Toronto: Alfred A. Knopf, 1995

Neurological patients, Oliver Sacks once wrote, are travellers to unimaginable lands. An Anthropologist on Mars offers portraits of seven such travelers -- including a British Columbia surgeon consumed by the compulsive tics of Tourette’s syndrome unless he is operating; an artist who loses all sense of color in a car accident, but finds a new sensibility and creative power in black and white; and an autistic professor who cannot decipher the simplest social exchange between humans, but has built a career out of her intuitive understanding of animal behavior.

These are paradoxical tales, for neurological disease can conduct one to other modes of being that -- however abnormal they may be to our way of thinking -- may develop virtues and beauties of their own. The exploration of these individual lives is not one that can be made in a consulting room or office, and Sacks has taken off his white coat and deserted the hospital, by and large, to join his subjects in their own environments. He feels, he says, in part like a neuroanthropologist, but most of all like a physician, called here and there to make house calls, house calls at the far border of experience.

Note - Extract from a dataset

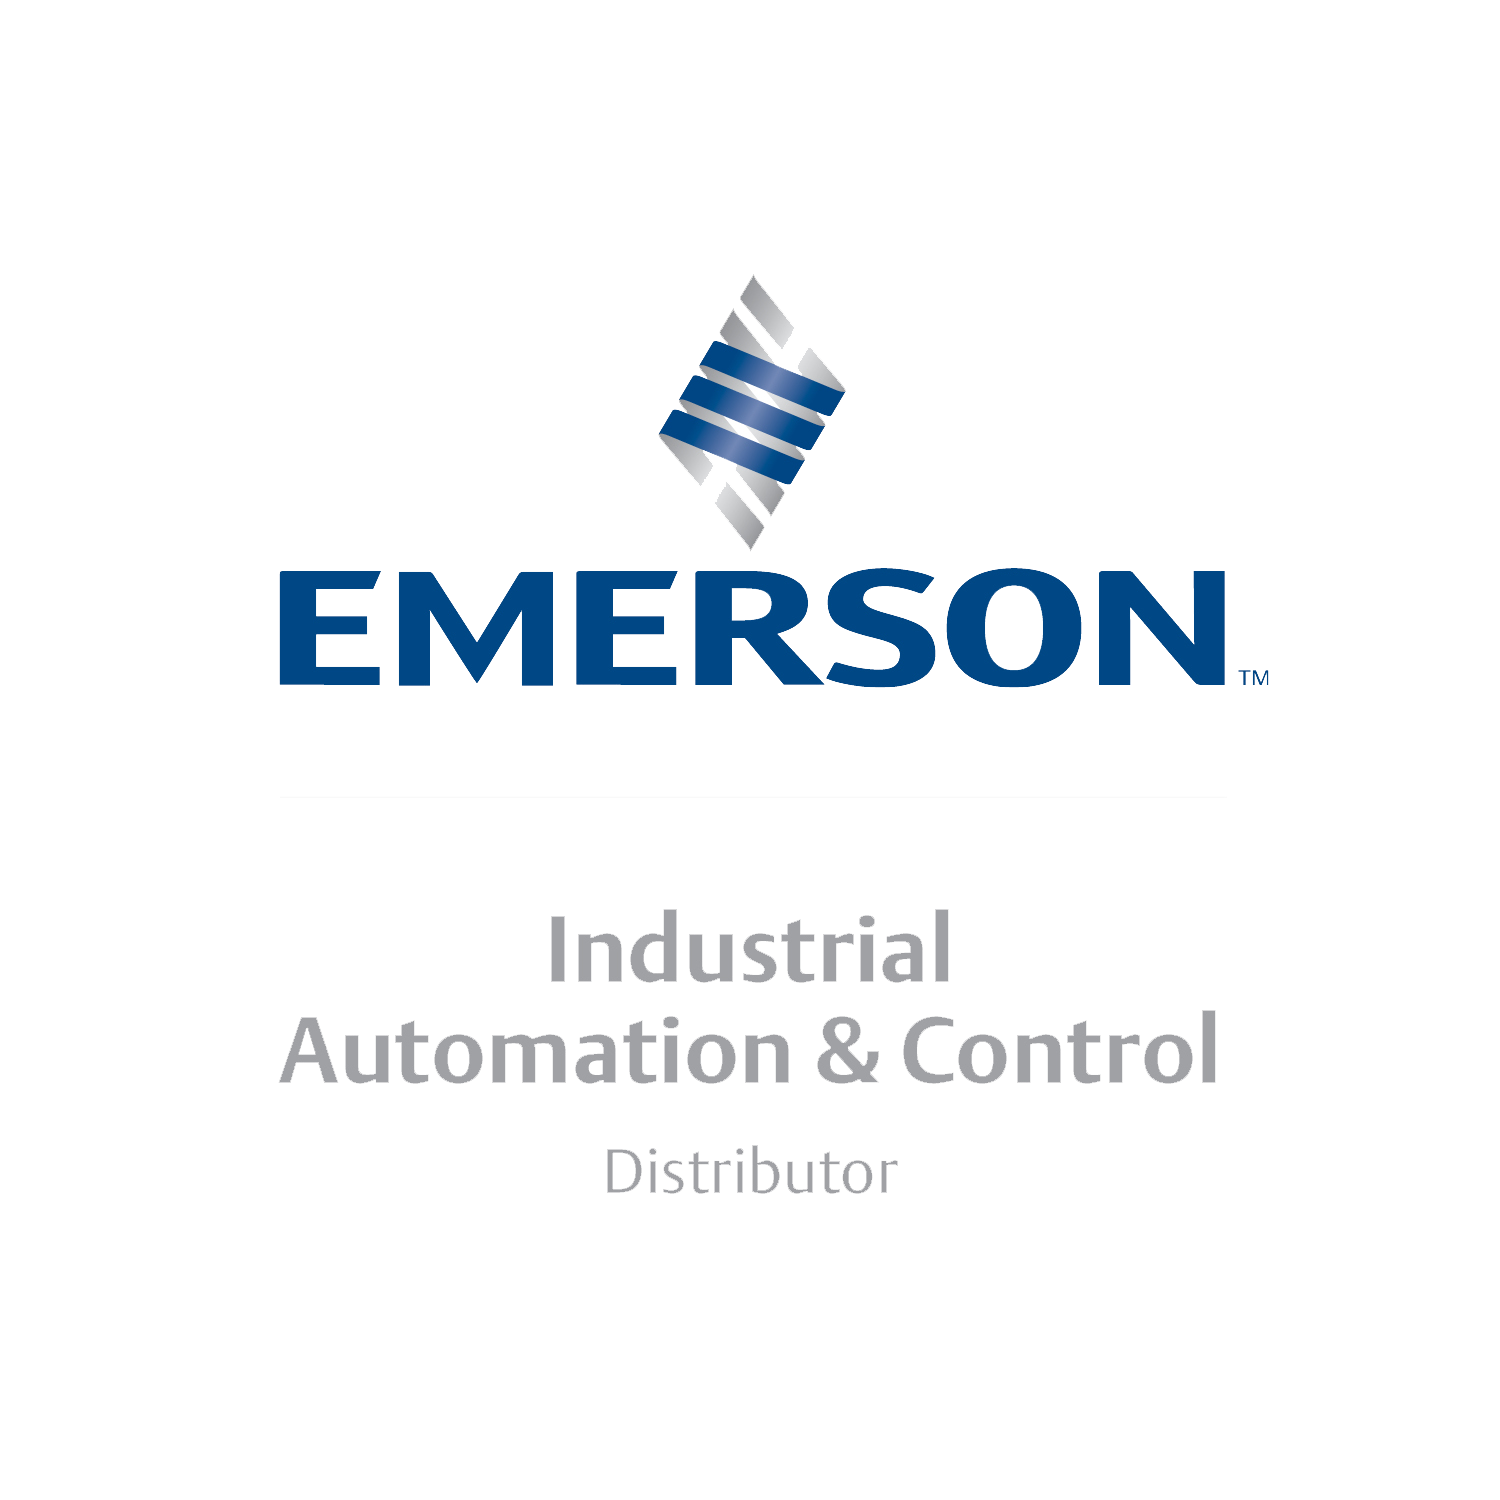 Emerson Logo

Along the way, he shows us a new perspective on the way our brains construct our individual worlds. In his lucid and compelling reconstructions of the mental acts we take for granted -- the act of seeing, the transport of memory, the notion of color -- Oliver Sacks provokes anew a sense of wonder at who we are.

Oliver Sacks was born in London, came to the States in 1960, practices neurology in New York, and is a professor of neurology at the Albert Einstein College of Medicine. He is the author of Migraine, Awakenings, A Leg to Stand On, The Man Who Mistook His Wife For A Hat, and Seeing Voices. He lives in City Island, where he swims and raises ferns.